## What is being asked
In the entries below, spot each line with the word "Stock" and copy it.

(Source data)
☆ ☆ ☆ ☆

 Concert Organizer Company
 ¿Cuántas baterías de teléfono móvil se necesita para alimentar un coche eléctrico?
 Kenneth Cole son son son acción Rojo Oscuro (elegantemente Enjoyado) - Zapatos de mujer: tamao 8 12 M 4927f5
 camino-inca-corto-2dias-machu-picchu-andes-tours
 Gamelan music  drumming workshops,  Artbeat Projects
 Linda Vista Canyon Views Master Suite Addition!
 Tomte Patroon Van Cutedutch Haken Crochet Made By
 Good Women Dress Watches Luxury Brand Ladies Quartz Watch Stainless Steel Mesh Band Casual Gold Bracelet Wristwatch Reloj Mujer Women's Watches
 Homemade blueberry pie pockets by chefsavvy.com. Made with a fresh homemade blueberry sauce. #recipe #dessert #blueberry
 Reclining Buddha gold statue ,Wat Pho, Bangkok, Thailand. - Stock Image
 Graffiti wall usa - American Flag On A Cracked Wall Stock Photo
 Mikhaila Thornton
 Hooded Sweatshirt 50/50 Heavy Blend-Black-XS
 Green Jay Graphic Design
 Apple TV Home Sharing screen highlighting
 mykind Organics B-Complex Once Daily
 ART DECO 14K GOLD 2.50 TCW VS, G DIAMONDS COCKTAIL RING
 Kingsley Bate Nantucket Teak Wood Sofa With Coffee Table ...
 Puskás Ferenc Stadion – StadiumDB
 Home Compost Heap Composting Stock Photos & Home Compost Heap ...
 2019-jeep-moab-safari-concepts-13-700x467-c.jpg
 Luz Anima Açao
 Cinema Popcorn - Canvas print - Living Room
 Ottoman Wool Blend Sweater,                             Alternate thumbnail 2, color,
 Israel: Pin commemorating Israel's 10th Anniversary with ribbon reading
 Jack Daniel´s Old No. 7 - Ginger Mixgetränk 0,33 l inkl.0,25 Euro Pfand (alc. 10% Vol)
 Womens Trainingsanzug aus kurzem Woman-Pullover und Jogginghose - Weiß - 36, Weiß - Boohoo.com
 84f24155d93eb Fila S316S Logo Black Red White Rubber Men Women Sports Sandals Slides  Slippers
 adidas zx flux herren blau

☆ ☆ ☆ ☆

## Response to the task
 Reclining Buddha gold statue ,Wat Pho, Bangkok, Thailand. - Stock Image
 Graffiti wall usa - American Flag On A Cracked Wall Stock Photo
 Home Compost Heap Composting Stock Photos & Home Compost Heap ...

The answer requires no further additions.